D’après lui, ce sont surtout les combattants des premières lignes qui sont traumatisés par ce qu’ils vivent sur le front. Il évoque deux de ses connaissances parties en « repos » en Lituanie, avant d’être retrouvées mortes quelque temps après être arrivées sur place. « Je pense que c’est une bagarre qui a dégénéré à cause de l’alcool, c’est sûrement à cause de ce qu’ils ont vu sur le front. Beaucoup de ceux qui sont dans l’infanterie voient plus de choses. » Rafale souligne à de nombreuses reprises les traumas subis par ses compagnons d’armes ; le concernant, il ne fait état d’aucune difficulté particulière.
Pas de problème pour dormir, pas de comportement anormal. On décèle pourtant quelque chose, entre deux appréciations sur ses retours en France ; « ici » il ne sort que peu ou pas, hormis pour boire une bière, voir un ami. Dans sa vie privée, son engagement militaire contre l’armée de Poutine passe mal : « Au moment de l’invasion, j’ai posté un statut sur mon compte Facebook en disant que toute personne qui soutient Poutine pouvait me virer de ses contacts : mes amis sont passés d’environ trois cents à une trentaine. Depuis, j’ai supprimé mon compte. » Il y a les amis, la famille aussi, dont une partie est restée en Russie. Son ex-femme a coupé les ponts, même quand il s’agit de parler de l’avenir de ses enfants.

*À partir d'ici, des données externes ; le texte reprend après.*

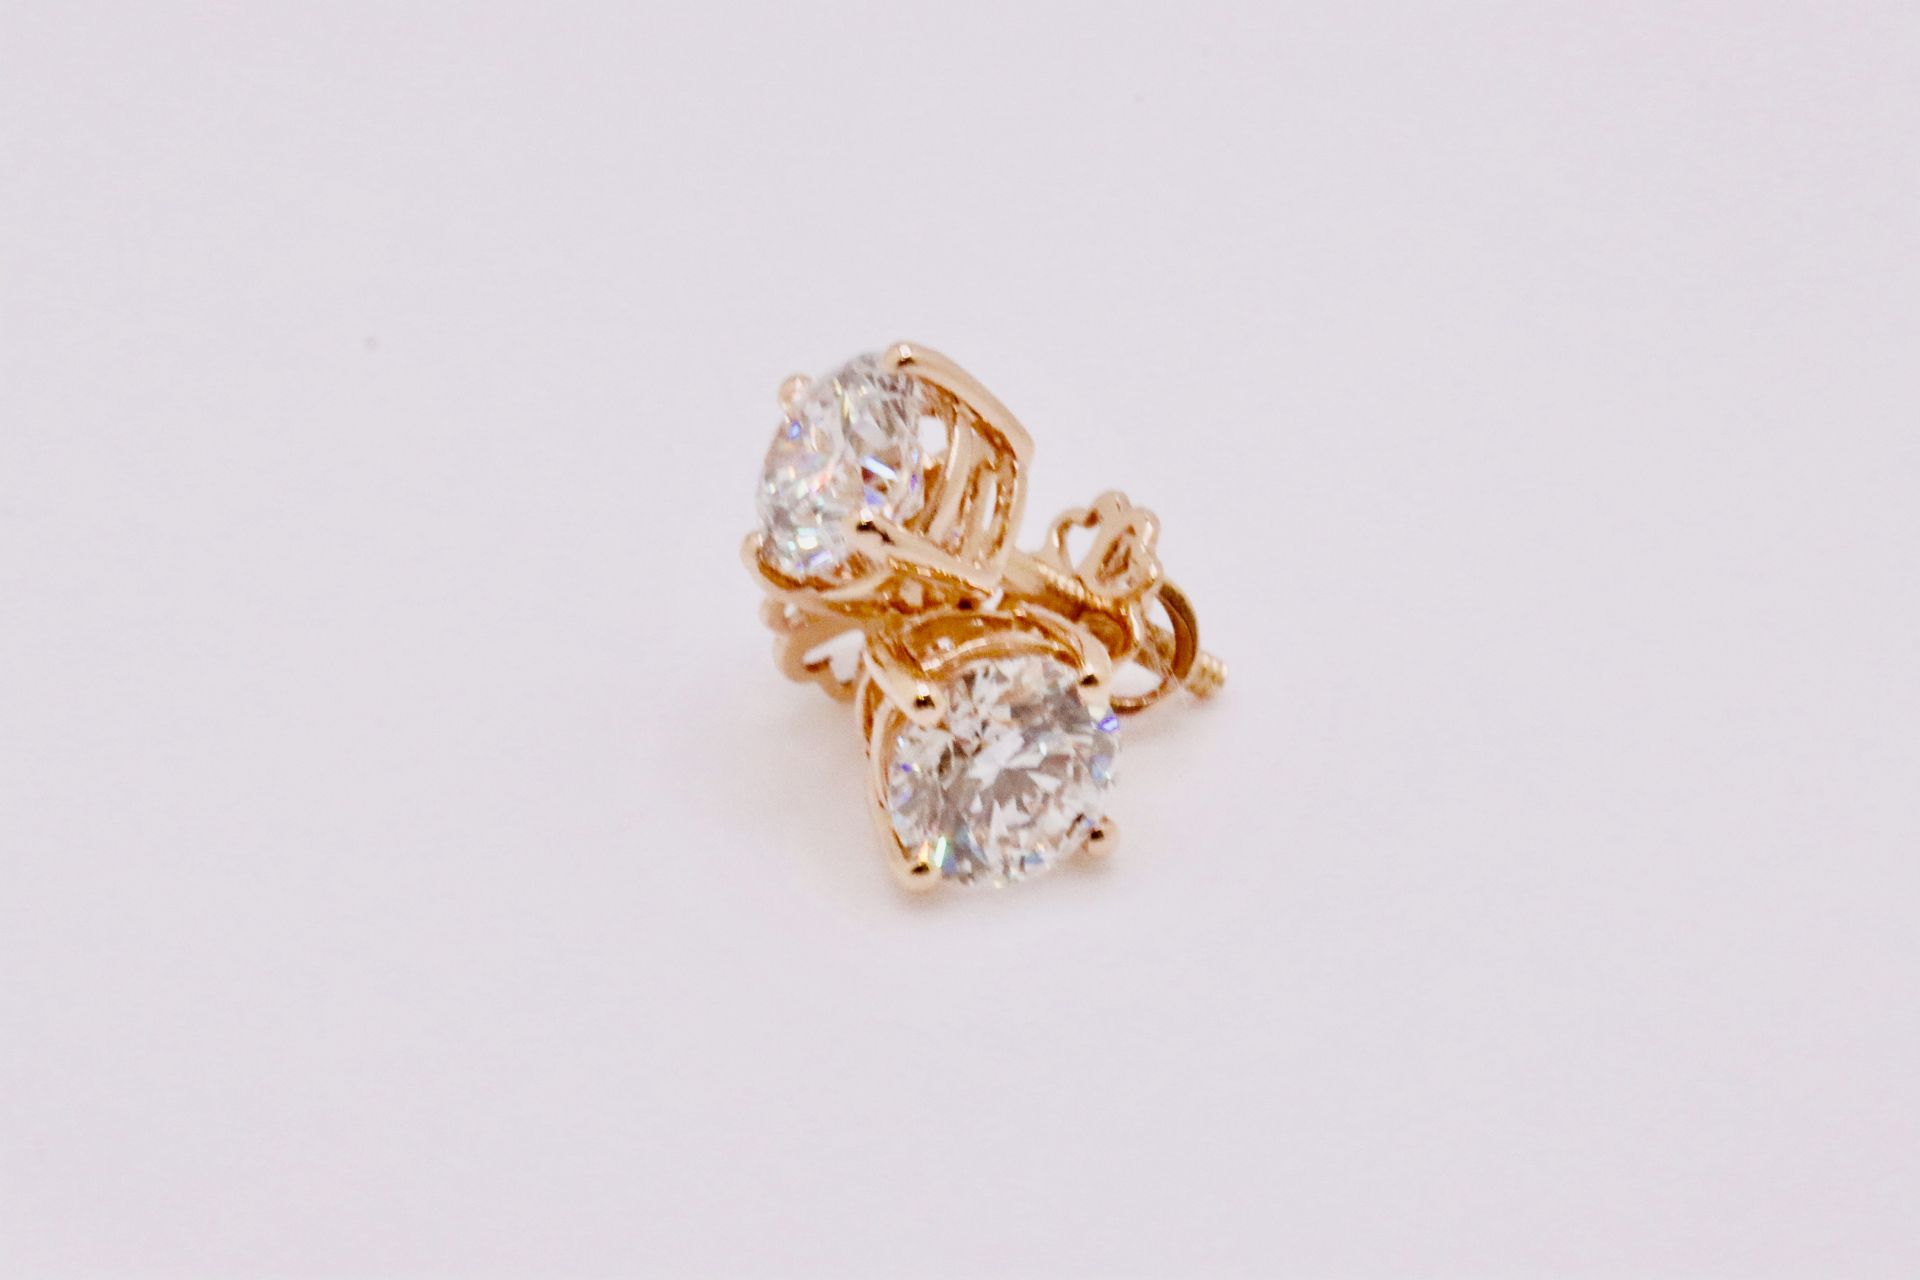 Round Brilliant Cut 4.00 Carat Diamond Earrings Set in 18kt Rose Gold - F Colour VS Clarity - GIA - Image 2 of 4

On l’a mis devant le fait qu’il pouvait se retrouver face à un neveu, un cousin ou un oncle sur le champ de bataille. Mais pour lui « ils n’ont rien à faire en Ukraine », rien ne peut justifier l’attaque menée par la Russie. Malgré la propagande et la répression qui ont pris une ampleur sans précédent, il espère un revirement, croit en une prise de conscience, mais reste contrasté sur la situation du pays : « Contrairement à la Biélorussie où la population est sortie dans la rue contre Loukachenko, en Russie, les gens soutiennent massivement Poutine. Mais un jour, je pense qu’ils comprendront la réalité de cette guerre ».
Pourquoi partir combattre en Ukraine après tant d’années passées à vivre paisiblement dans son pays d’accueil ? « Parce que cette guerre est injuste, tout simplement. » Une formule laconique, lâchée comme une évidence. En réalité, l’invasion de février 2022 n’est pas le point de départ de son engagement. Il était déjà volontaire en 2014 au moment de la guerre du Donbass. Il voulut apporter son aide aux Biélorusses qui manifestaient contre le pouvoir entre 2020 et 2021. « Ma volonté, c’était de venir, pour combattre : je ne crois pas aux manifestations, aux pancartes et aux fleurs. J’ai pris des billets pour aller sur place et quand j’ai vu que le peuple ne prenait pas les armes j’ai laissé tomber l’idée… Cette mobilisation a été réprimée dans le sang. » Aujourd’hui il pense que les combattants Russes et Biélorusses venus rejoindre les rangs ukrainiens seront les artisans d’un basculement futur une fois revenus dans leurs pays d’origine. La négociation ne fait, pour lui, pas partie du champ des possibles. Que ce soit face à Poutine ou à Loukachenko, il le répète : « tout ça se réglera par les armes ».